Learn to use AI like a Pro

Get the latest AI workflows to boost your productivity and business performance, delivered weekly by expert consultants. Enjoy step-by-step guides, weekly Q&A sessions, and full access to our AI workflow archive.

Summary

High availability and scalability are key concepts in cloud computing that offer incredible flexibility, agility, and cost-efficiency. Unlike on-premises systems, the cloud provides vast capacities through globally distributed data centers, allowing businesses to seamlessly run various services like virtual machines, databases, AI, and machine learning. With cloud providers like Azure, users can utilize services in proximity to their customers for optimal performance, ensuring high availability through distributed instances and disaster recovery strategies. This means businesses can easily scale their resources based on demand, providing resiliency and elasticity without upfront equipment costs.

Highlights

Cloud computing provides massive scale and flexibility with global data centers. 🗺️
Services can be consumed from anywhere, increasing resiliency and decreasing latency. 🚀
Pay-as-you-go pricing in the cloud offers financial agility, minimizing waste. 💡
Horizontal scaling is preferred for its simplicity and effectiveness in cloud environments. 📈
High availability ensures services are uninterrupted during failures by utilizing multiple instances. 🔌

Key Takeaways

The cloud offers unmatched scalability and high availability, enabling businesses to grow their resources as needed. ☁️
Global cloud data centers ensure services are close to users, enhancing performance and user experience. 🌍
Cloud services' pay-as-you-go model alleviates the burden of paying for unused resources. 💸
Modern architectures in the cloud support horizontal scaling for better availability and cost efficiency. 🔄
High availability in the cloud can be achieved through strategic resource distribution across multiple data centers. 🏢

Overview

Cloud computing transforms how businesses approach capacity and scalability. By using vast global data centers, companies can deploy various services like virtual machines and AI close to their user base, ensuring better performance and lower latency. This proximity not only enhances user satisfaction but provides robust high availability options, minimizing downtime risks.

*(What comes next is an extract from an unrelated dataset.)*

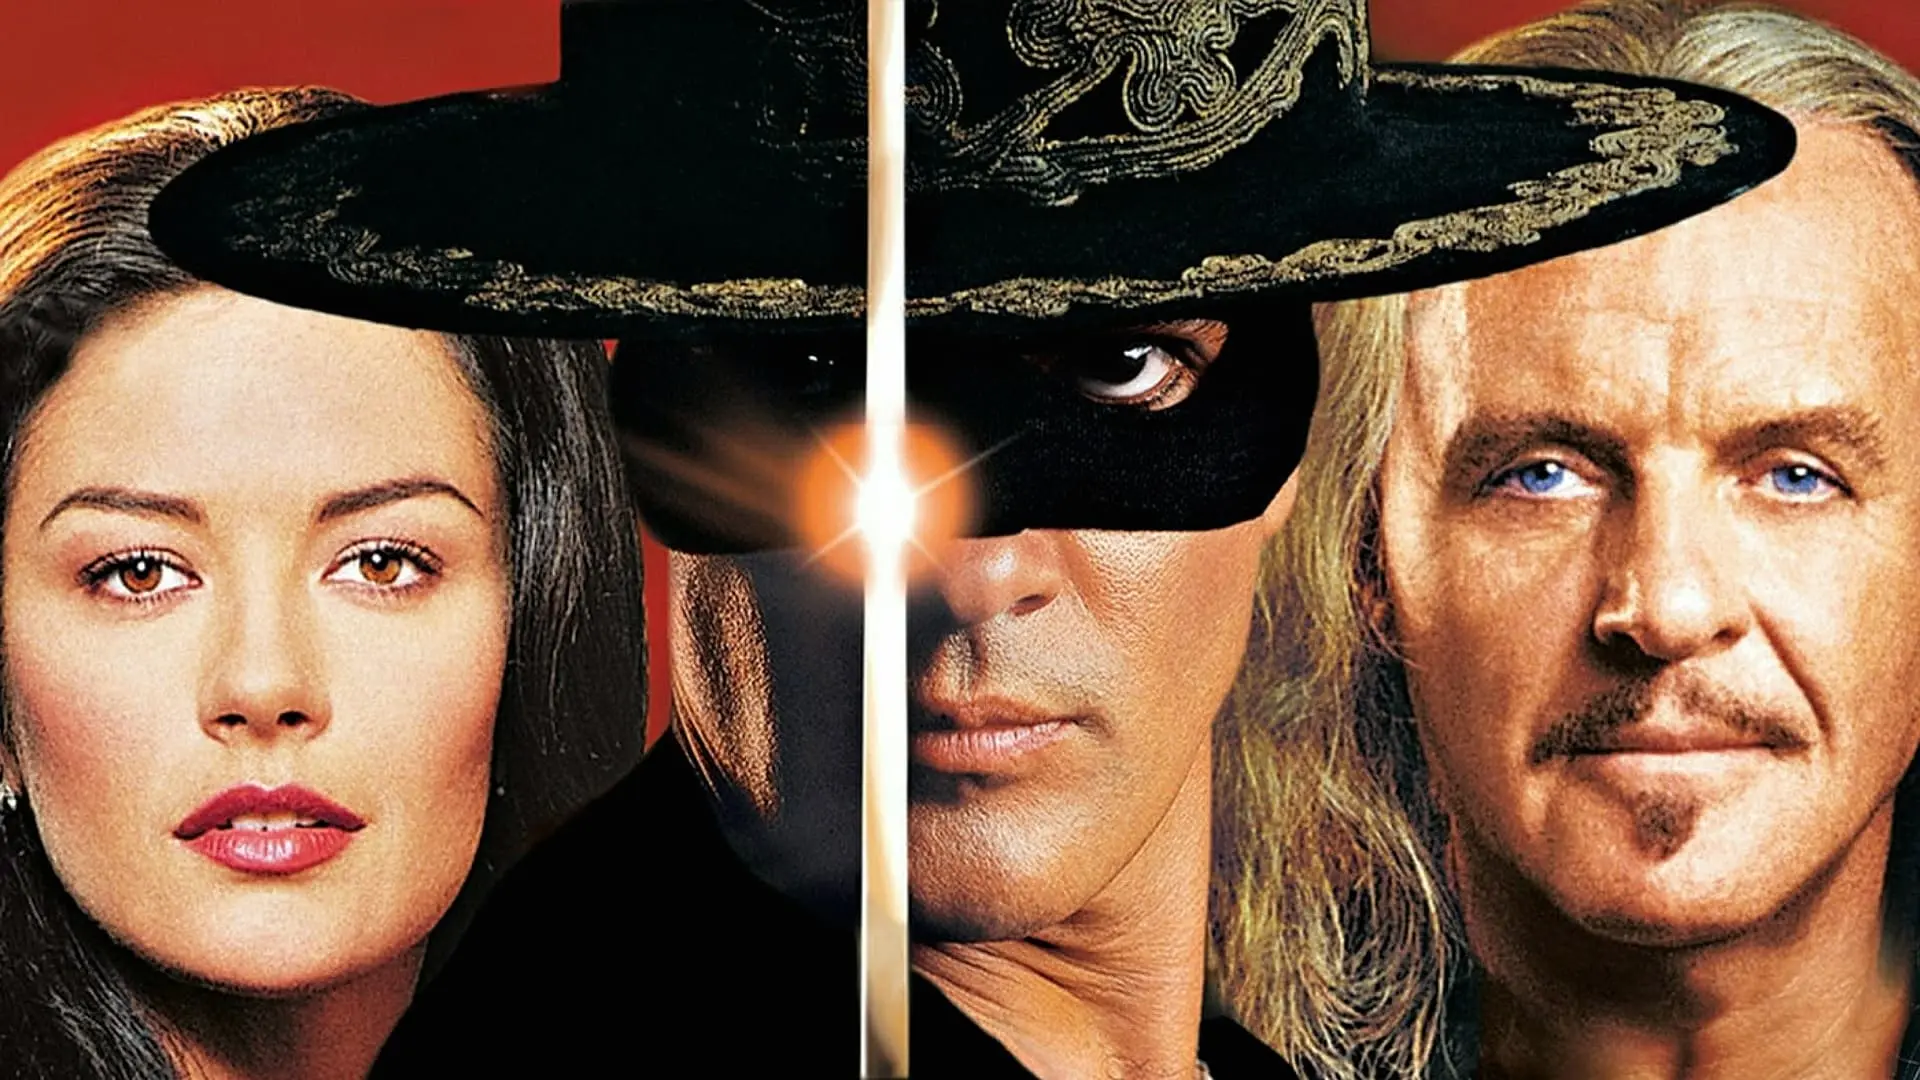 Zorro: Tajemná tvář je nedoceněný klenot bezstarostné zábavy. Kam takové filmy zmizely?

The financial model of cloud services, notably the pay-as-you-go approach, liberates businesses from investing in costly hardware that often remains underutilized. With the flexibility to scale services vertically or horizontally as needed, cloud users can efficiently manage workloads, scaling up during peak demands and down during lulls.

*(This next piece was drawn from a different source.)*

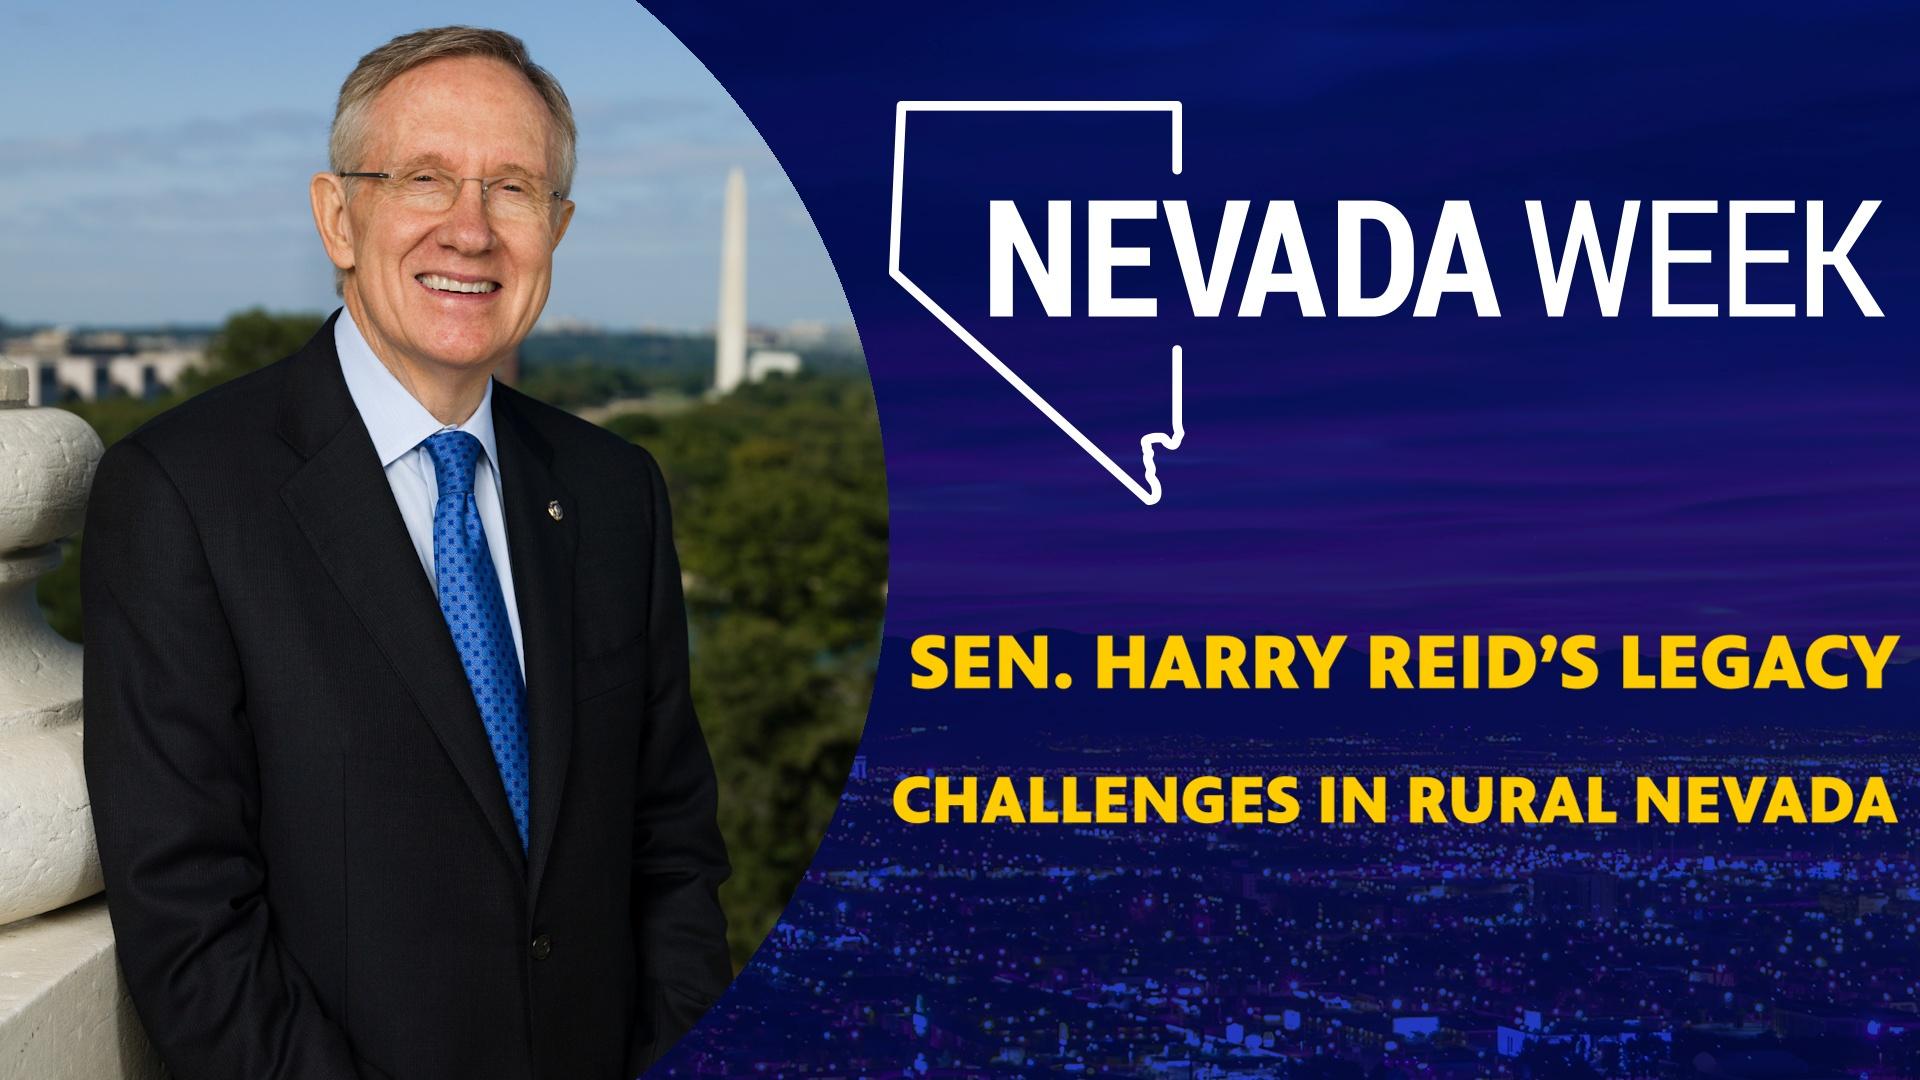 Sen. Harry Reid’s Legacy, Challenges Rural Nevada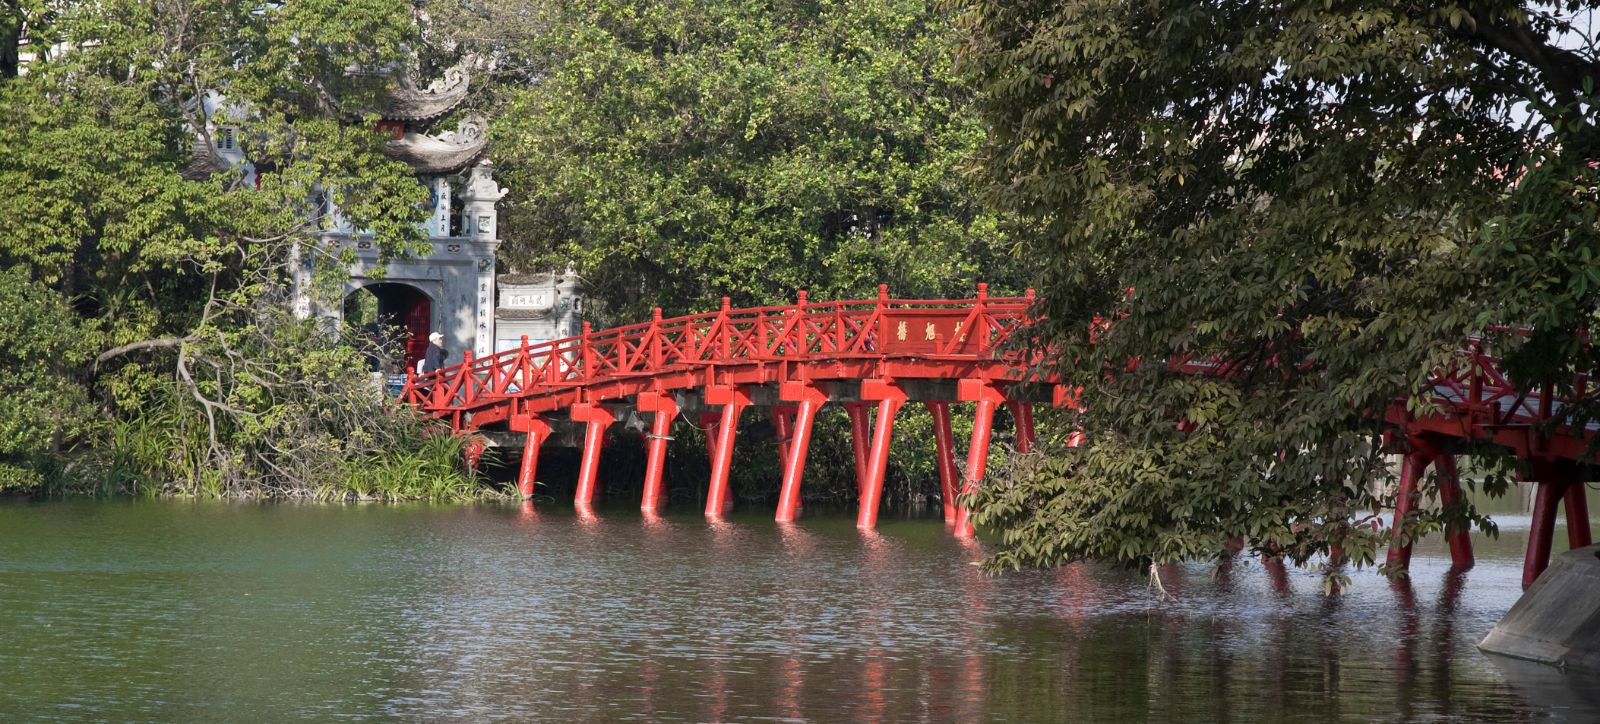 Cầu Thê Húc - Mảng lụa đỏ giữa lòng hồ Gươm

Furthermore, cloud solutions bolster disaster recovery strategies by allowing workloads to shift between regions seamlessly in case of outages. Businesses looking to modernize can benefit immensely from the cloud's elasticity, enabling them to adapt quickly to changing demands and maintain a competitive edge in the marketplace.

Chapters

00:00 - 00:30: Introduction to Cloud Benefits In the chapter titled 'Introduction to Cloud Benefits', the lesson focuses on explaining the benefits of high availability and scalability in cloud computing. The concept of cloud computing is demystified, pointing to the common saying that the cloud is essentially just someone else's computer. The chapter delves into essential elements such as capacity, management platforms, and user experience, highlighting their roles in facilitating service operations.
00:30 - 01:30: Capacity in On-Premises vs Cloud In this chapter, the focus is on understanding the differences in capacity management between on-premises and cloud environments. On-premises capacity is limited to the physical hardware available in local data centers, which includes servers, network switches, and storage areas. In contrast, cloud capacity is more flexible as it can be adjusted according to demand, allowing for scalability without the need for physical infrastructure expansion.
01:30 - 02:30: Cloud Data Centers and Regions The chapter discusses cloud data centers and regions, focusing on networks and network-attached storage that provide capacity for on-premise workloads. It covers the use of various technologies, such as virtual machines and containers, and the creation of pods that run specific container images. The emphasis is on understanding and managing different types of capacity for efficient workload management.
02:30 - 05:00: Cloud Services and Flexibility The chapter 'Cloud Services and Flexibility' discusses the advantages of using cloud services over traditional on-premises infrastructure. It highlights how the cloud offers vast capacity and flexibility for users to install and run business applications. Unlike on-premises systems, which require upfront hardware purchases and are limited by physical capacity, cloud services provide scalable resources that can be adjusted as needed without the obligation of continual payment for unused capacity.
05:00 - 08:30: High Availability in the Cloud The chapter discusses the concept of high availability in cloud computing. It emphasizes the global distribution of data centers, specifically referencing Azure, to ensure data and services are consistently accessible worldwide. The focus is on understanding how these geographically dispersed data centers contribute to the robustness and reliability of cloud services.
08:30 - 15:00: Scalability and Elasticity The chapter titled 'Scalability and Elasticity' introduces the concept of grouping resources based on proximity, referred to as regions. The speaker mentions how different regions are identified, such as region one, region two, etc. This concept is foundational in understanding the distribution and management of resources in a scalable system.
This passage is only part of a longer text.